You have to go through dynamic allocation malloc is used for this. Consider this code:

float **result = NULL; // if you want to return 2D array you need double pointer
result = (float **)malloc(2 * sizeof(float *)); // allocating assuming that the allocating will not fail otherwise it return NULL
for(int i = 0; i < 2; i++)
    result[i] = (float *)malloc(3 * sizeof(float));

for(int i = 0; i < 3; i++) result[0][i] = i;
for(int i = 0; i < 3; i++) result[1][i] = i * -1;
return result;

Important part is also in main function where you should deallocate the memory to prevent memory leak. Is's done through free function and you should do this revere to the allocation to free all the memory you allocated.

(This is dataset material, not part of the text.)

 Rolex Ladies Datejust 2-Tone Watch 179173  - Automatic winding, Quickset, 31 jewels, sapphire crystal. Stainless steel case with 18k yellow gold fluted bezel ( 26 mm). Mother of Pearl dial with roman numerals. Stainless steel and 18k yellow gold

for(int i=0;i<3;i++) free(result[i]); //done in main
free(result);

Answer 3

Declare the return type of your function properly, then just return the static array:

float (*test(int *x, int *y))[3]
{
    static float res[2][3];
    float temp[] = {1,2,3};
    for(int i=0;i<3;i++) res[0][i] = temp[i];
    for(int i=0;i<3;i++) res[1][i] = temp[i]*-1;
    return res;
}

Note that returning a static array has the problem that all calls to the function will (re)use that same array, so the second call will clobber the array returned by the first call. You could instead malloc the array:

float (*test(int *x, int *y))[3]
{
    float (*res)[3] = malloc(2 * sizeof *res);
    float temp[] = {1,2,3};
    for(int i=0;i<3;i++) res[0][i] = temp[i];
    for(int i=0;i<3;i++) res[1][i] = temp[i]*-1;
    return res;
}

but then the caller will need to remember to call free on the returned pointer when it is no longer needed.